## REQUIREMENT
Copy nothing but the lines from the line with "LEGO City: Поворот и перекресток 60237" to the end of the records, retyped exactly. Pictures stay out.

+++ RECORDS SUPPLIED +++

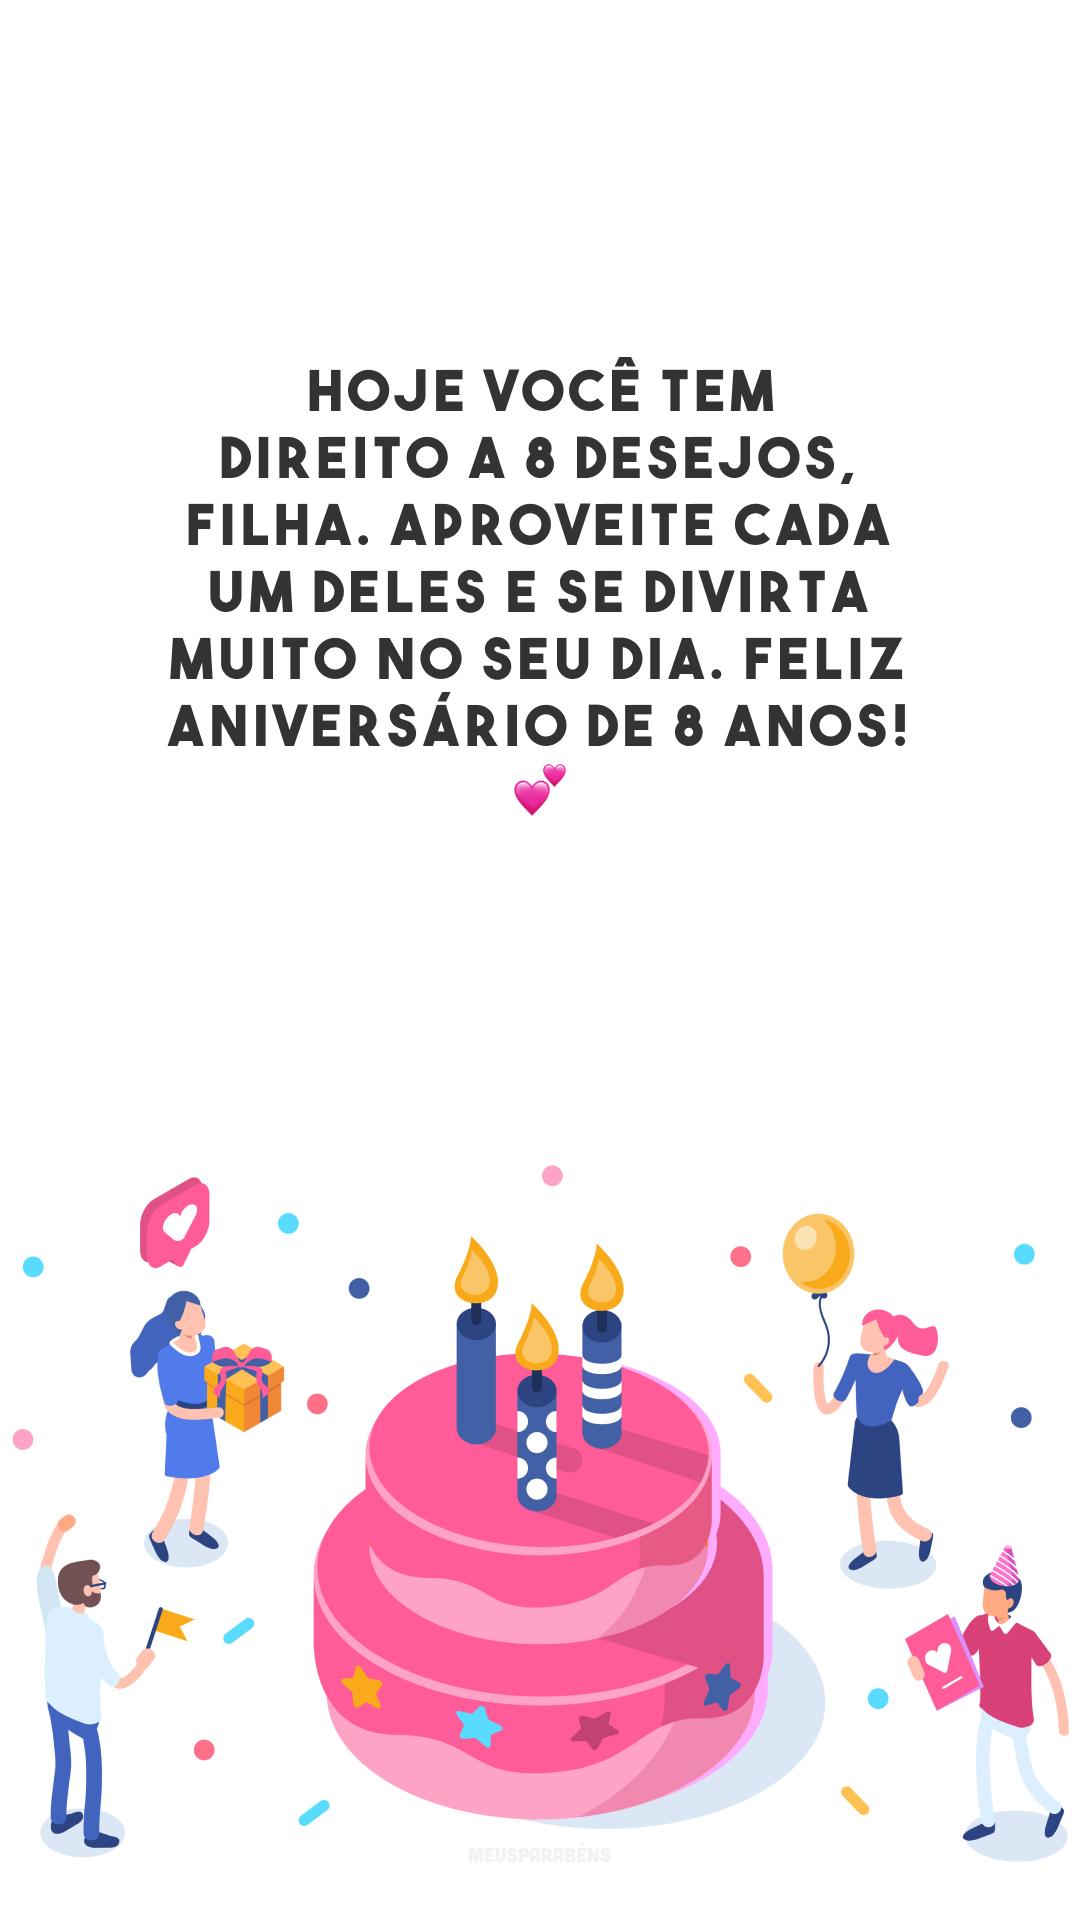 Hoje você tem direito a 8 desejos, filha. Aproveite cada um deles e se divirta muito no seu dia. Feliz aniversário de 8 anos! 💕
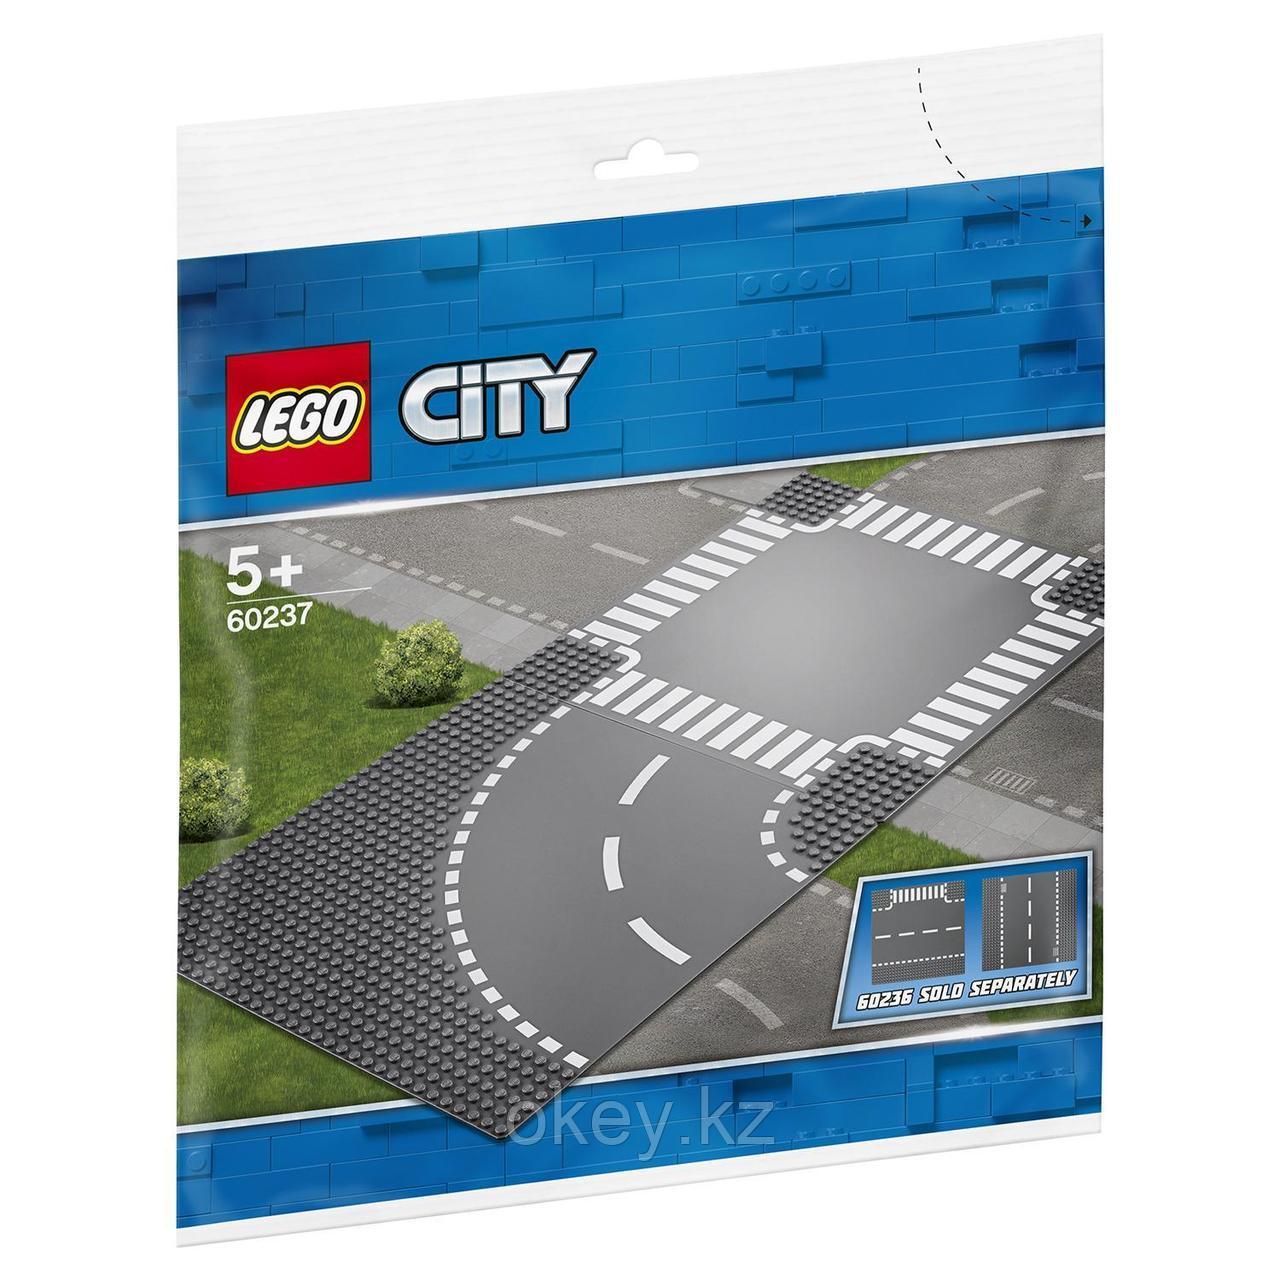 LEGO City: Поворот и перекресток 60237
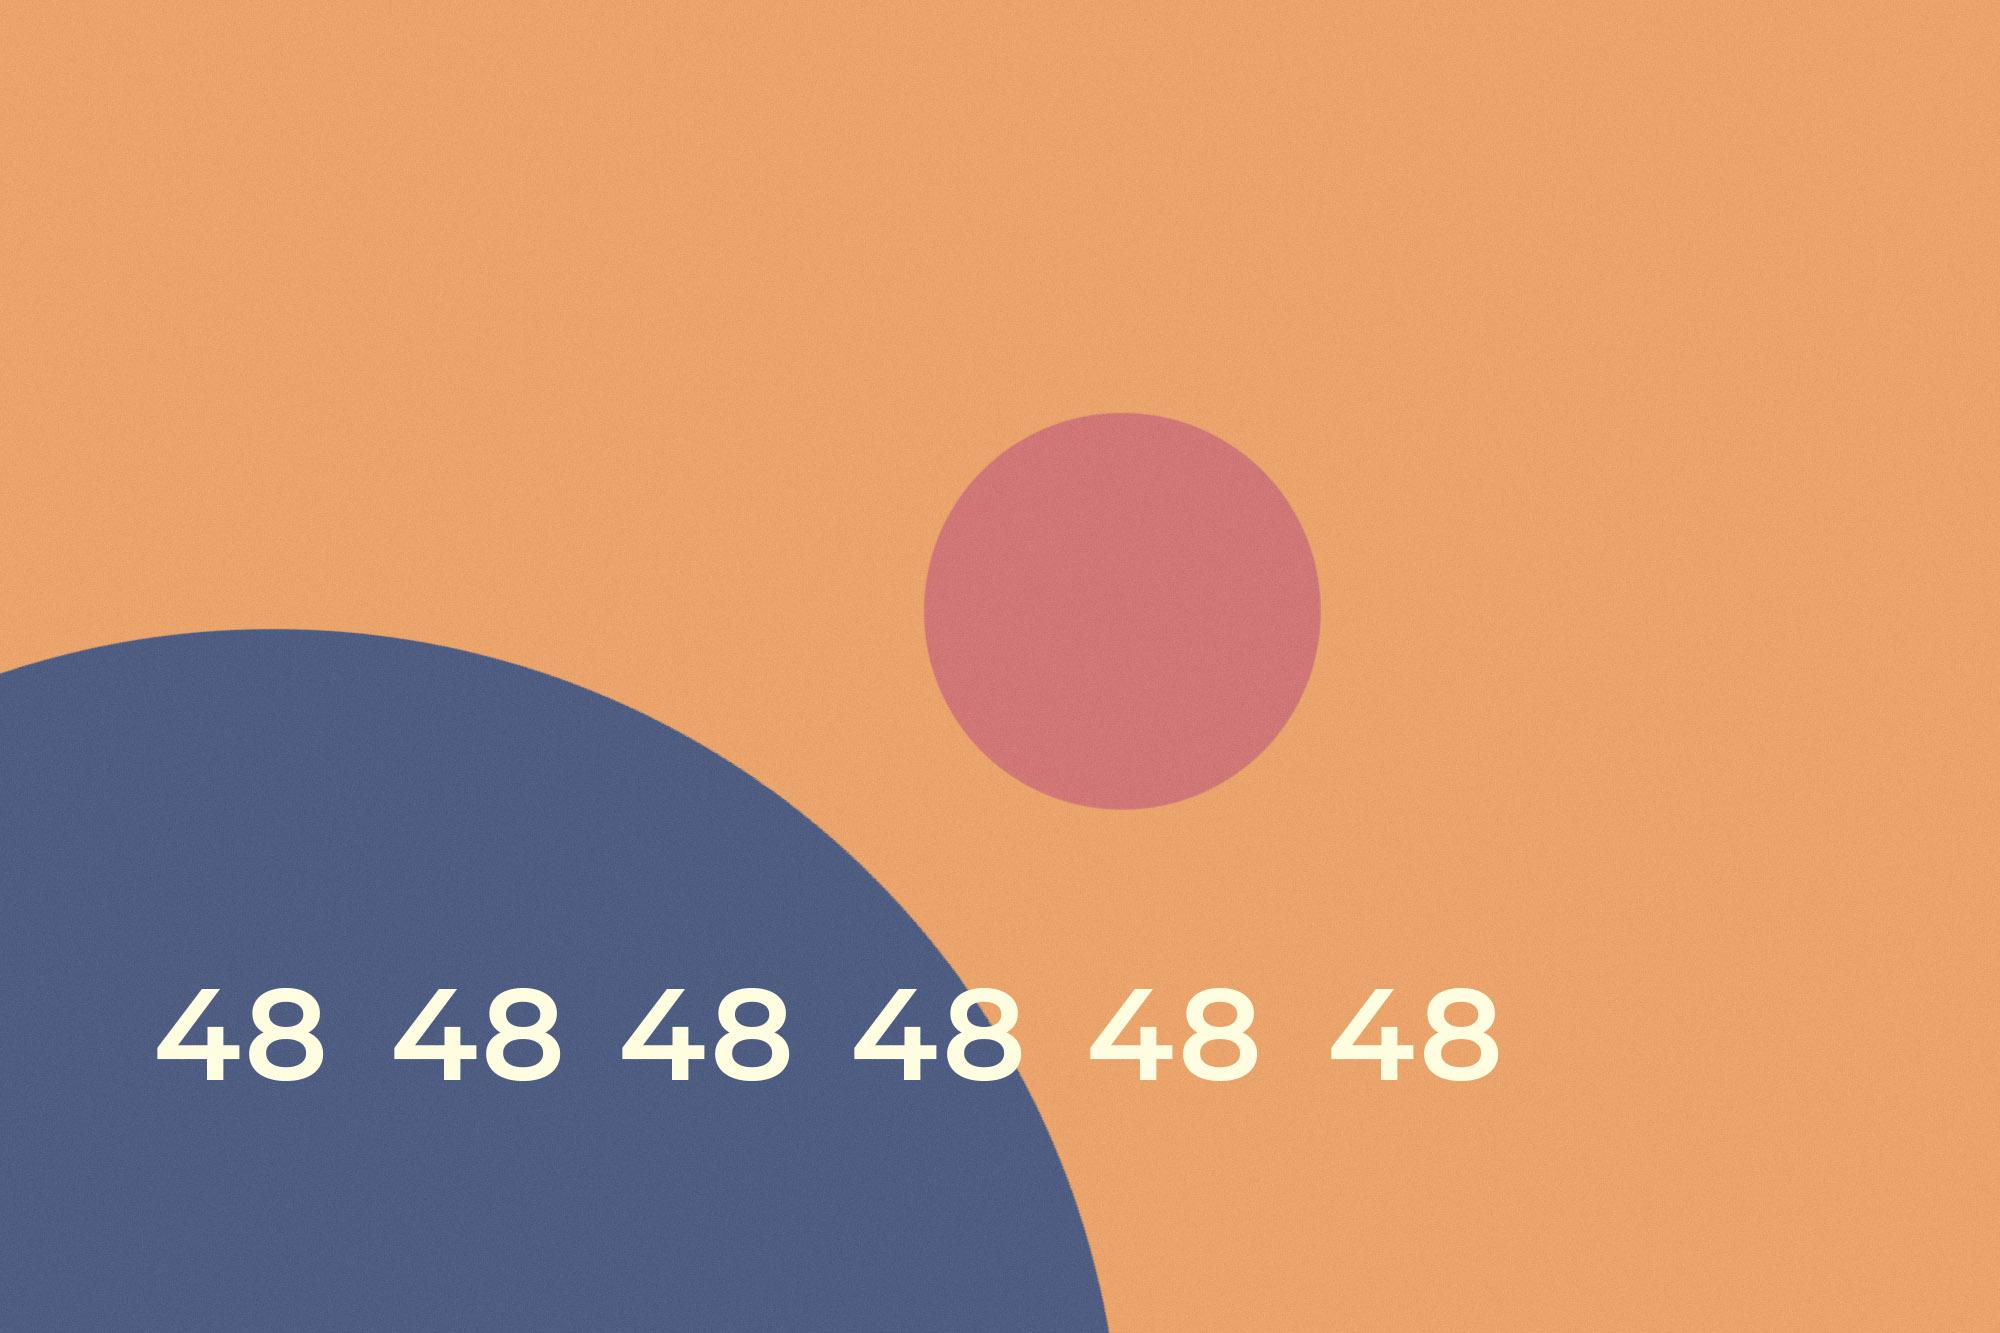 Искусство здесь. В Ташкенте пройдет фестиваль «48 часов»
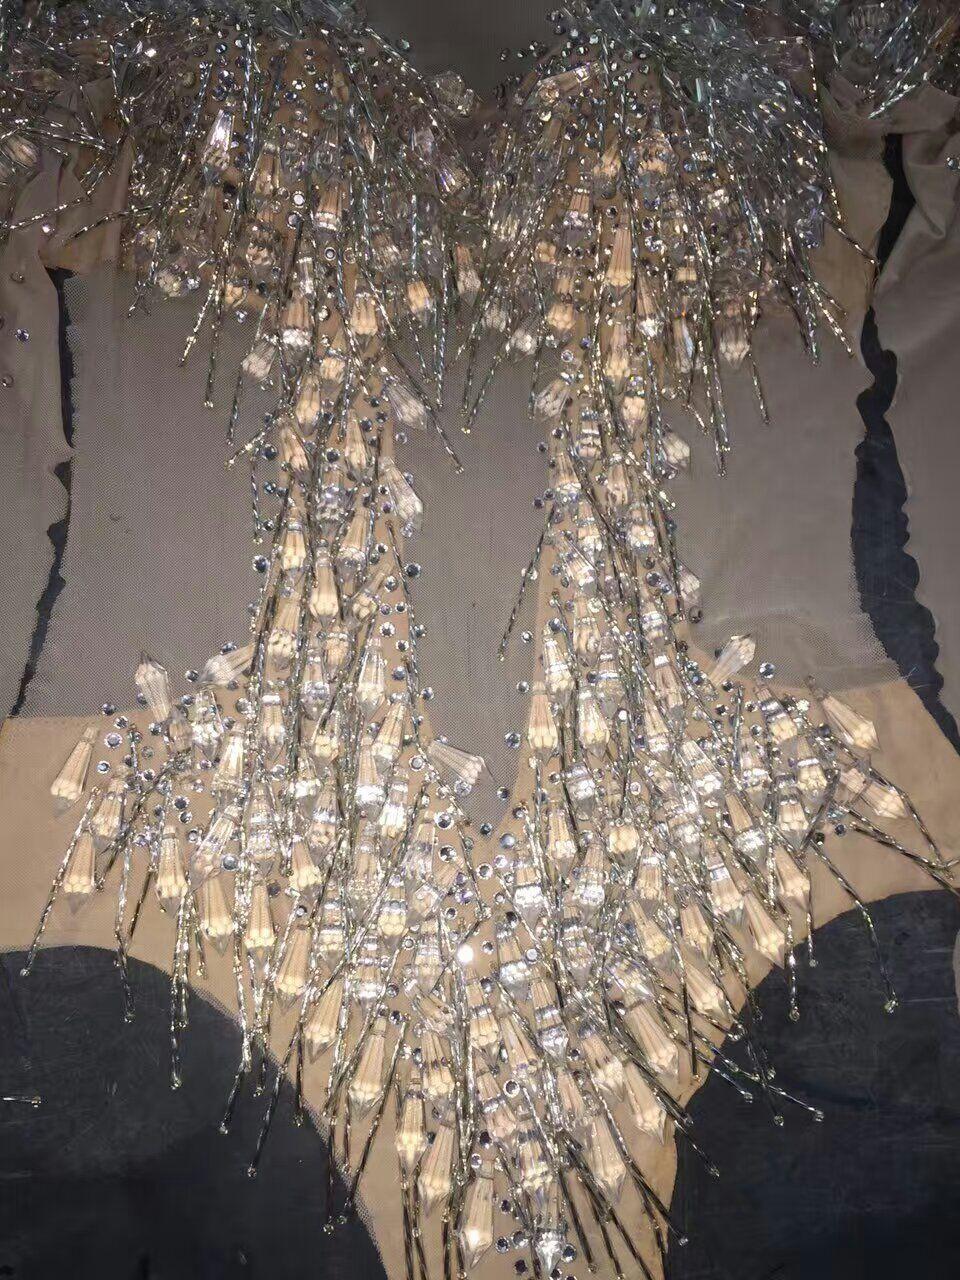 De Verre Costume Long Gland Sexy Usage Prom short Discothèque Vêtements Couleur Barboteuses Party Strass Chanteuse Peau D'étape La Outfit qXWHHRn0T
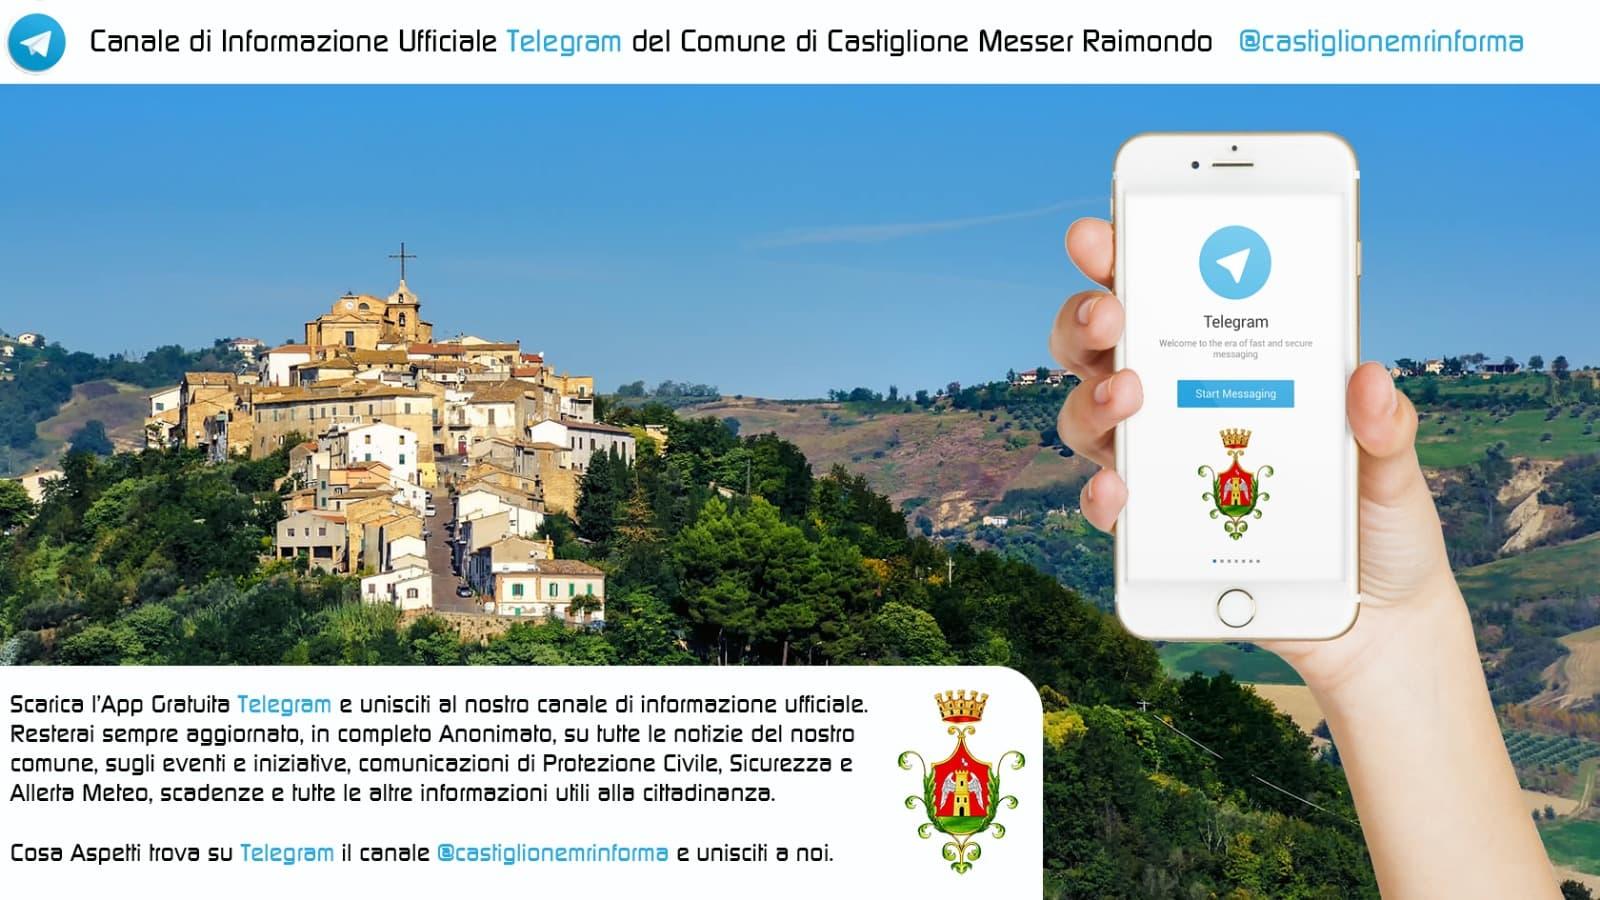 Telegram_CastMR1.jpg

+++

## RESPONSE AREA
 LEGO City: Поворот и перекресток 60237
 Искусство здесь. В Ташкенте пройдет фестиваль «48 часов»
 De Verre Costume Long Gland Sexy Usage Prom short Discothèque Vêtements Couleur Barboteuses Party Strass Chanteuse Peau D'étape La Outfit qXWHHRn0T
 Telegram_CastMR1.jpg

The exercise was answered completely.